◆ Given material
--- START ---
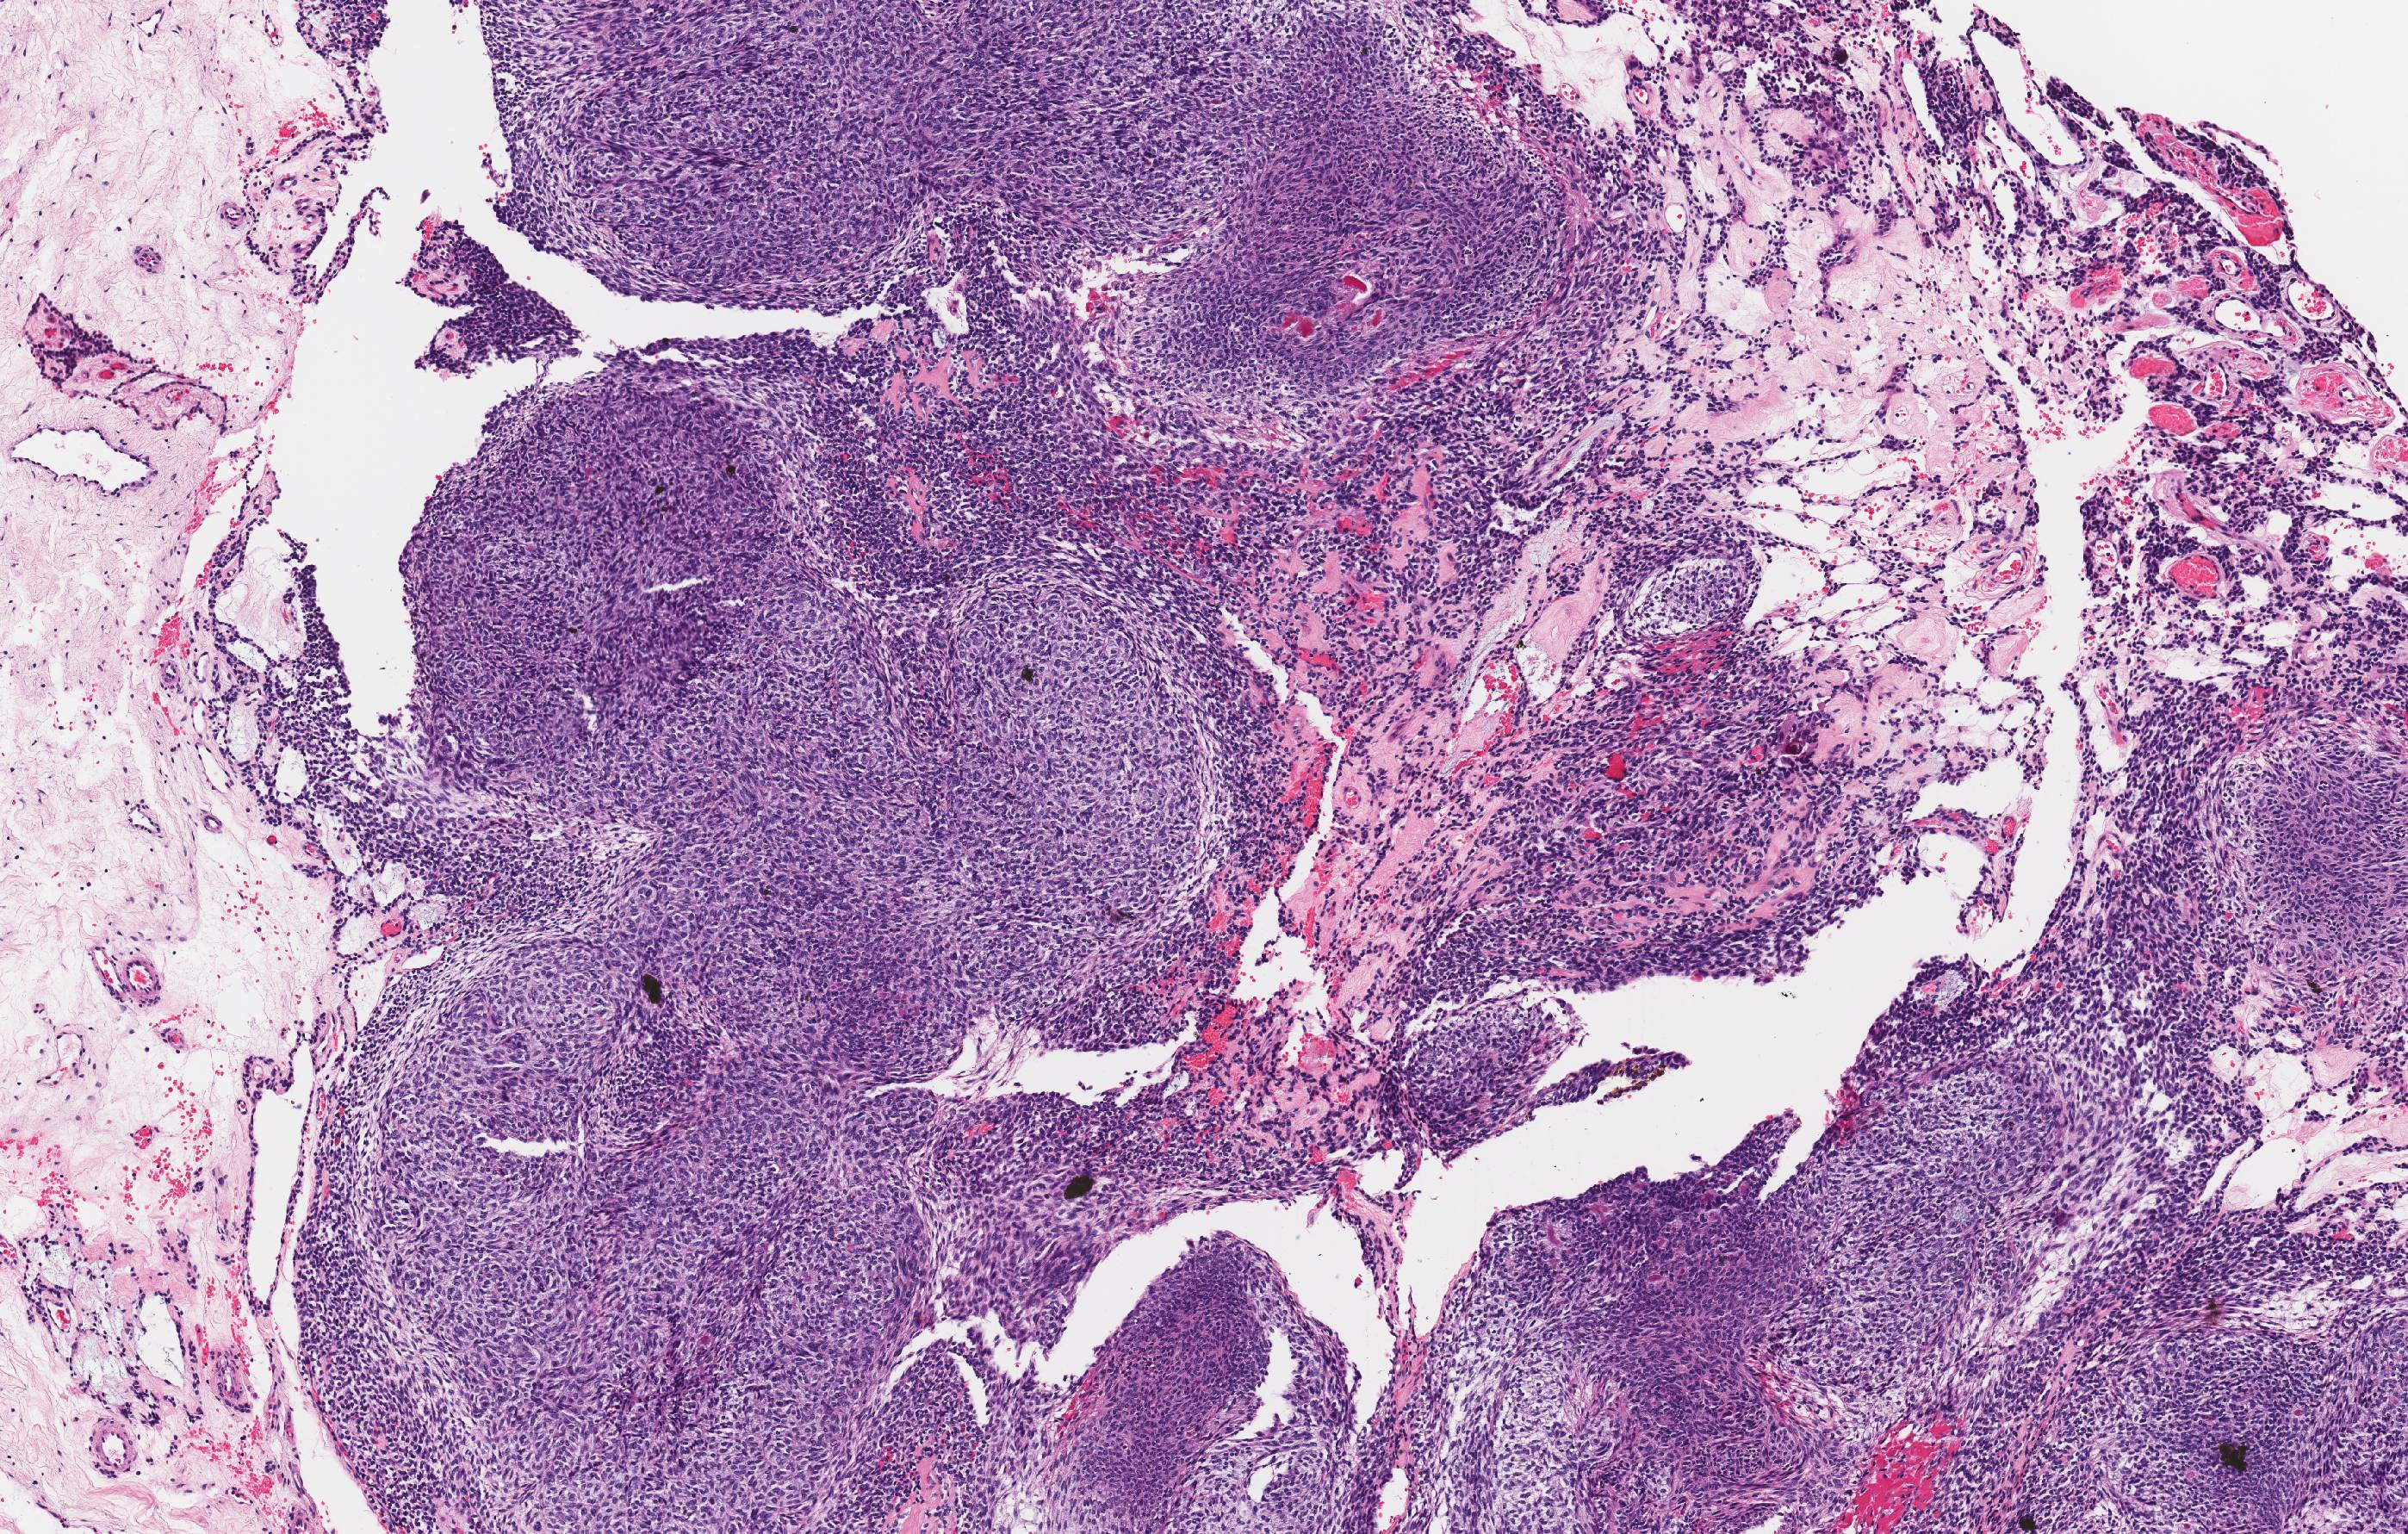 Adenomatoid odontogenic tumor
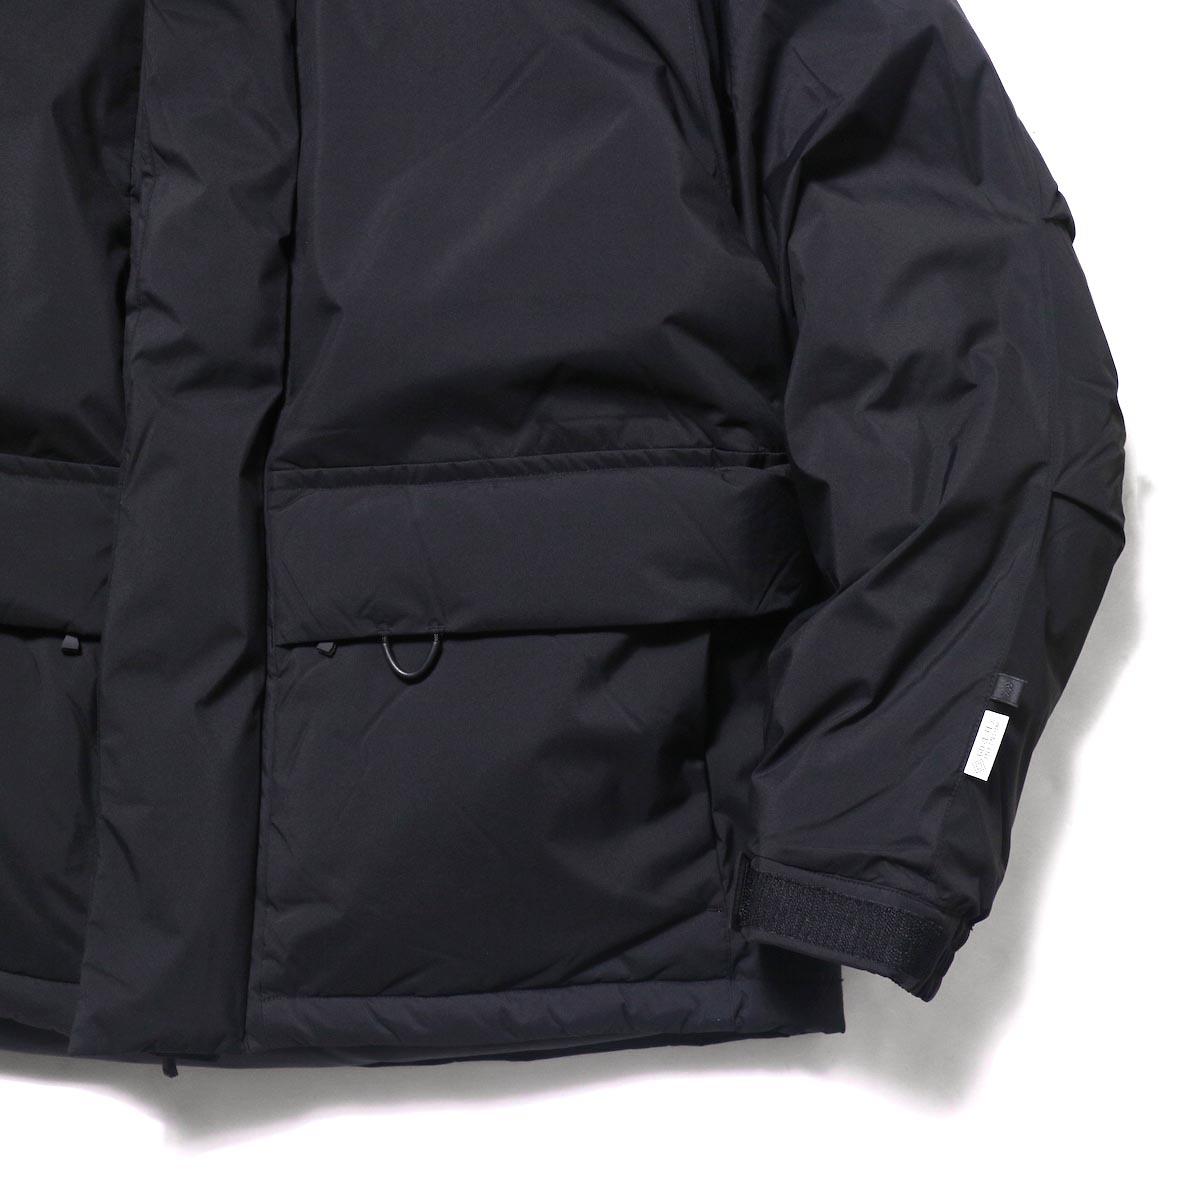 DAIWA PIER39 / GORE-TEX INFINIUM EXPEDITION DOWN JACKET (Black)袖、ポケット
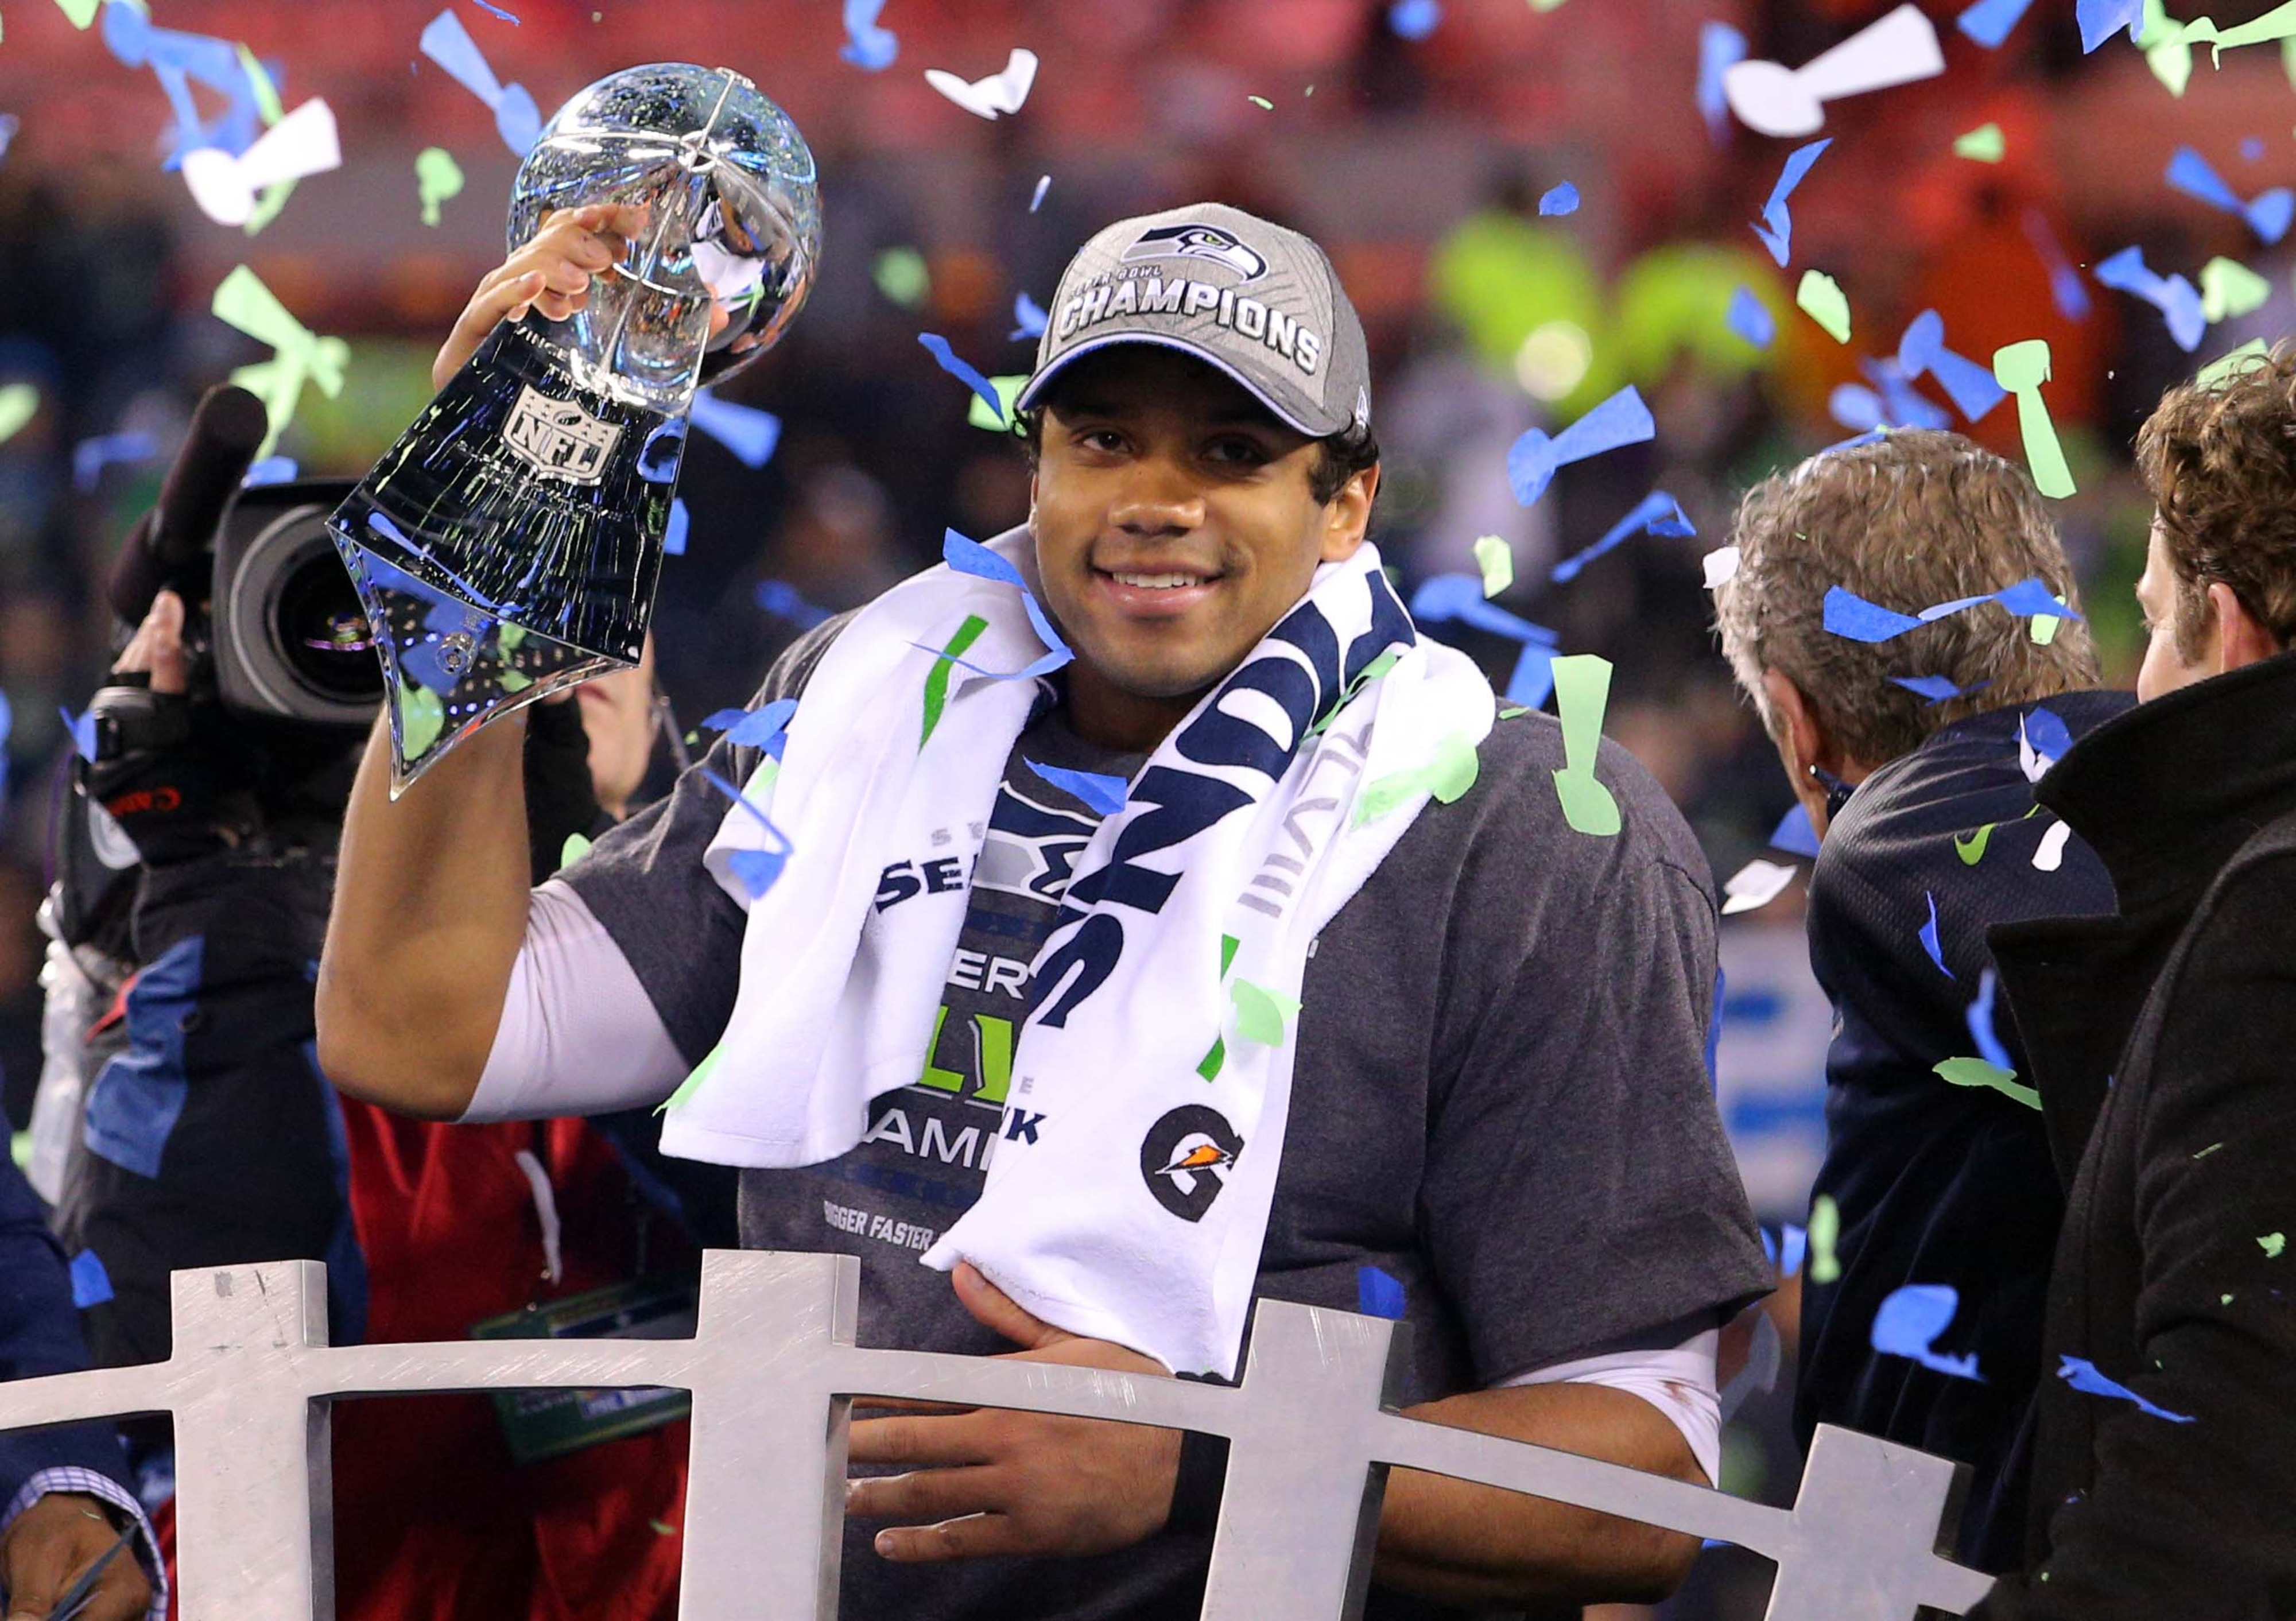 Super Bowl champion Russell Wilson will still be at Rangers spring training
--- END ---
◆ Task objective
From the listing, extract all text exactly as given and drop any picture.

◆ Answer section
 Adenomatoid odontogenic tumor
 DAIWA PIER39 / GORE-TEX INFINIUM EXPEDITION DOWN JACKET (Black)袖、ポケット
 Super Bowl champion Russell Wilson will still be at Rangers spring training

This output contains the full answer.